Satgas TMMD 127 Kodim Serang Rampungkan Rehab Mushola dan Sanitasi di Sukamenak

0
Satgas TMMD 127 Kodim Serang Rampungkan Rehab Mushola dan Sanitasi di Sukamenak
Views: 8

SERANG, TirtaNews — Satuan Tugas TNI Manunggal Membangun Desa (TMMD) ke-127 Tahun Anggaran 2026 dari Kodim 0602/Serang menuntaskan rehabilitasi dua mushola dan pembangunan sejumlah fasilitas sanitasi di Desa Sukamenak, Kecamatan Cikeusal, Kabupaten Serang, Jumat, 6 Maret 2026.

Penyelesaian pekerjaan fisik ini menjadi bagian dari upaya TNI membantu meningkatkan kualitas fasilitas ibadah sekaligus kondisi kesehatan lingkungan masyarakat desa.

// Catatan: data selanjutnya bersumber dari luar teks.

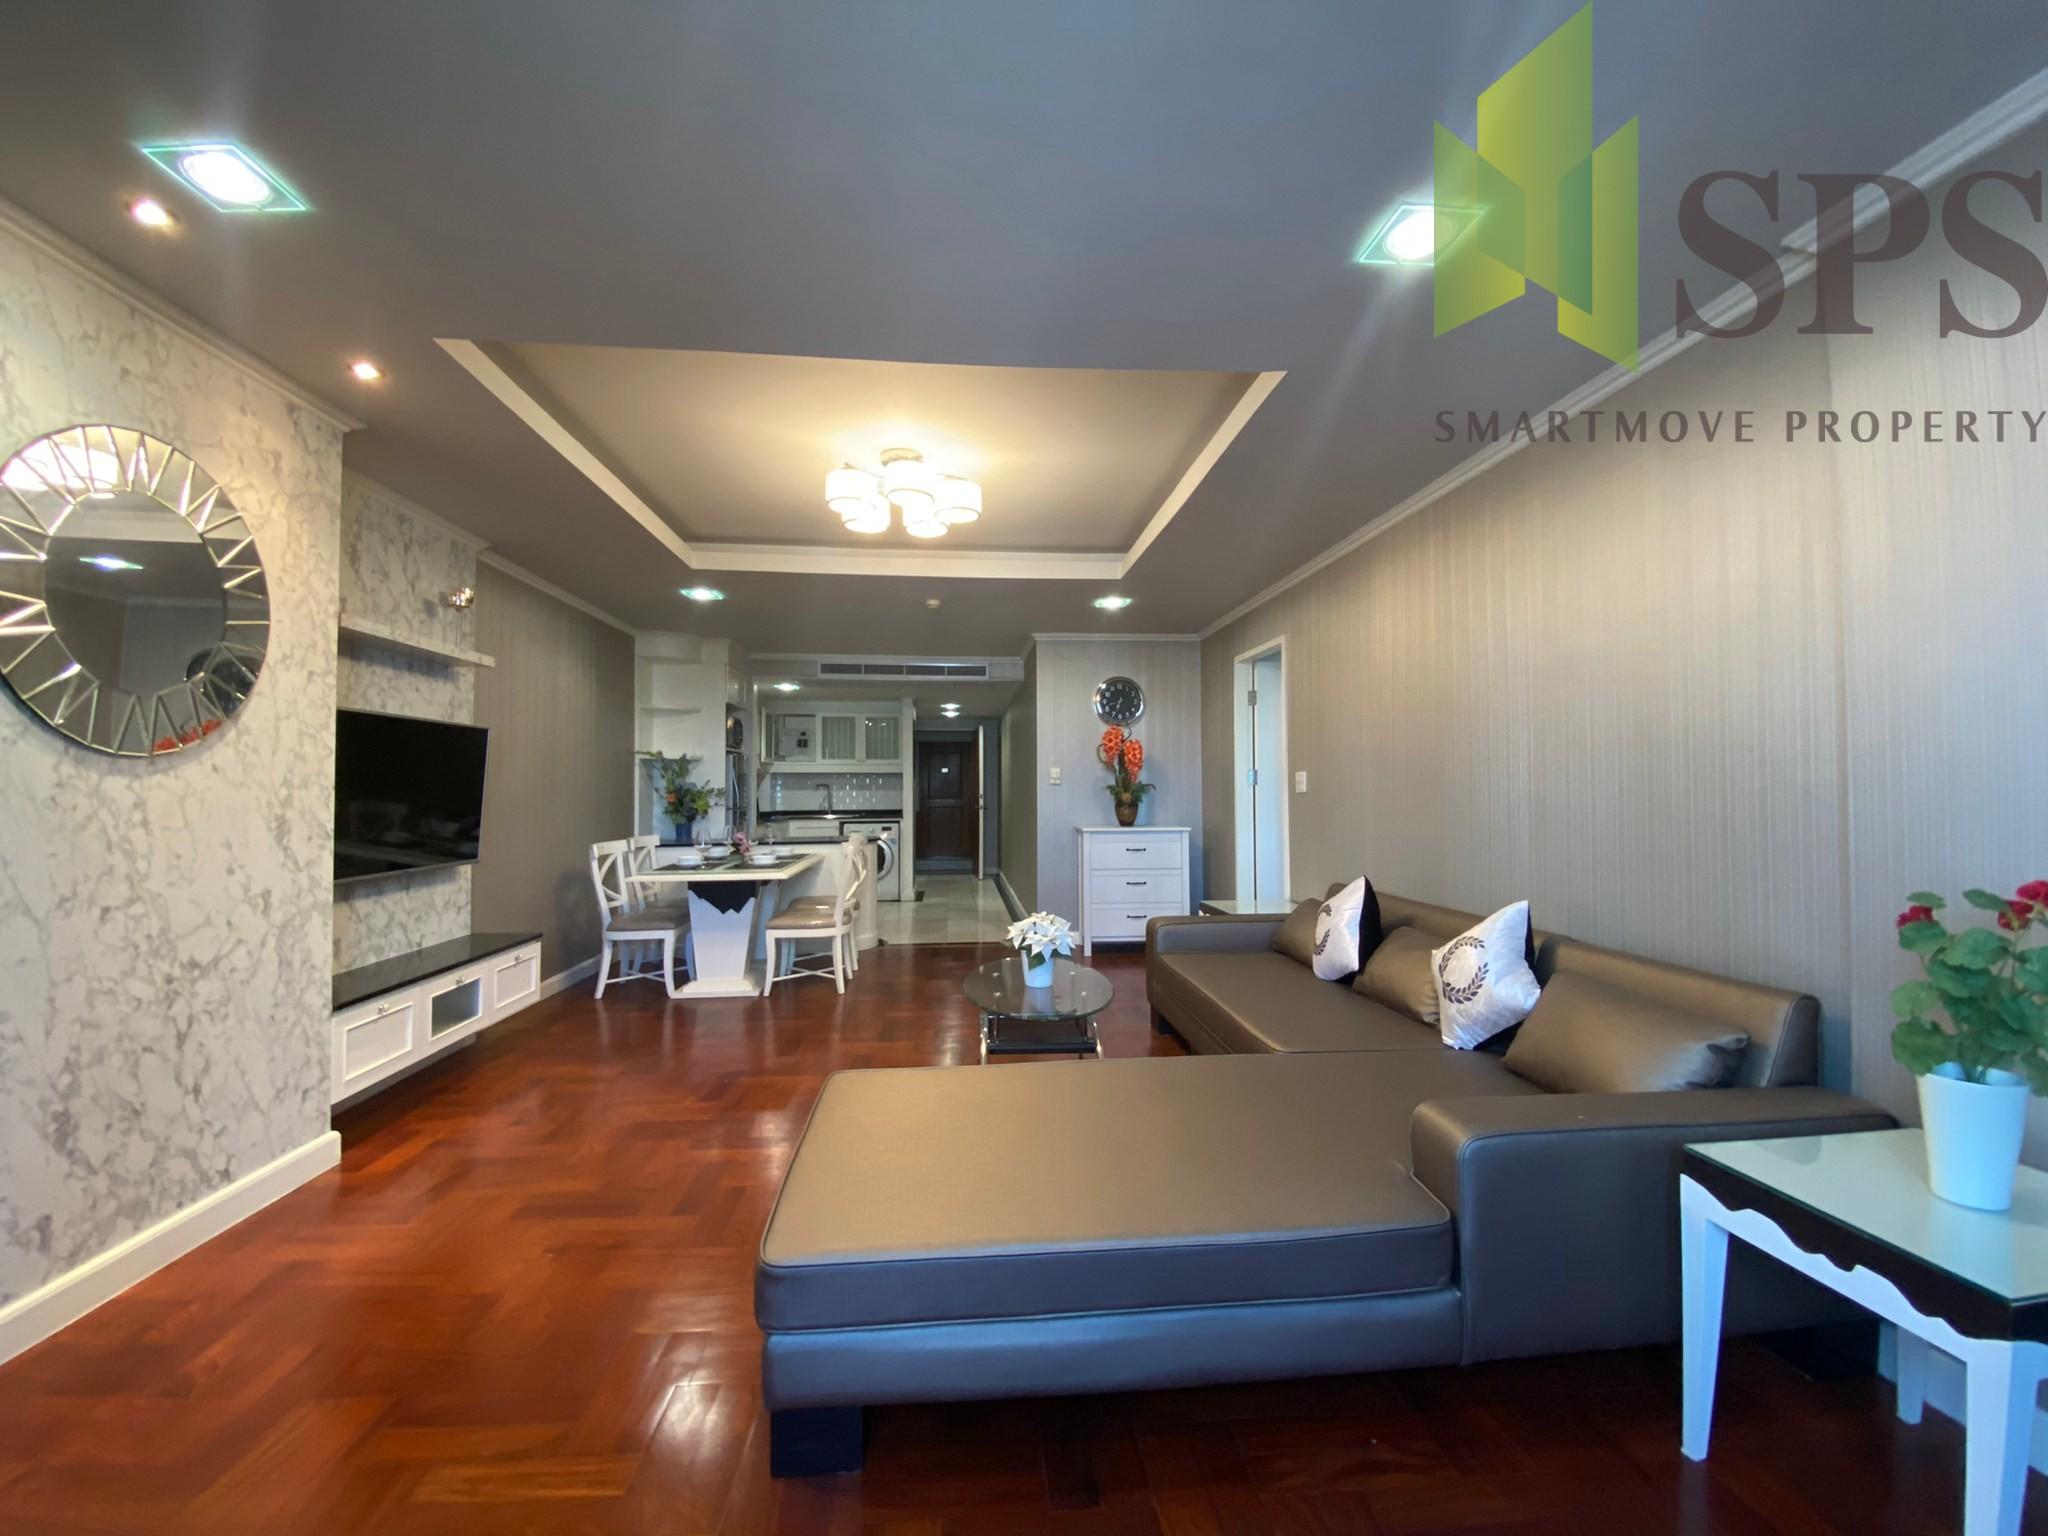 For Rent and Sale Lake Avenue Condominium/ เช่า และ ขาย คอนโด เลค อเวนิว สุขุมวิท 16(Property ID: SPS-PP323)

Komandan Satgas TMMD ke-127 Kodim 0602/Serang, Oke Kistiyanto, mengatakan keberhasilan program tersebut tidak lepas dari kerja sama antara prajurit TNI dan masyarakat setempat.

“Saya bangga melihat kekompakan dan semangat gotong royong selama pengerjaan berlangsung. Ini merupakan wujud nyata kemanunggalan TNI dan rakyat,” kata Oke saat meninjau lokasi kegiatan.

Rehabilitasi difokuskan pada dua mushola yang sebelumnya mengalami kerusakan sehingga kurang nyaman digunakan warga untuk beribadah. Melalui perbaikan tersebut, tempat ibadah diharapkan kembali berfungsi dengan baik dan memberi kenyamanan bagi masyarakat.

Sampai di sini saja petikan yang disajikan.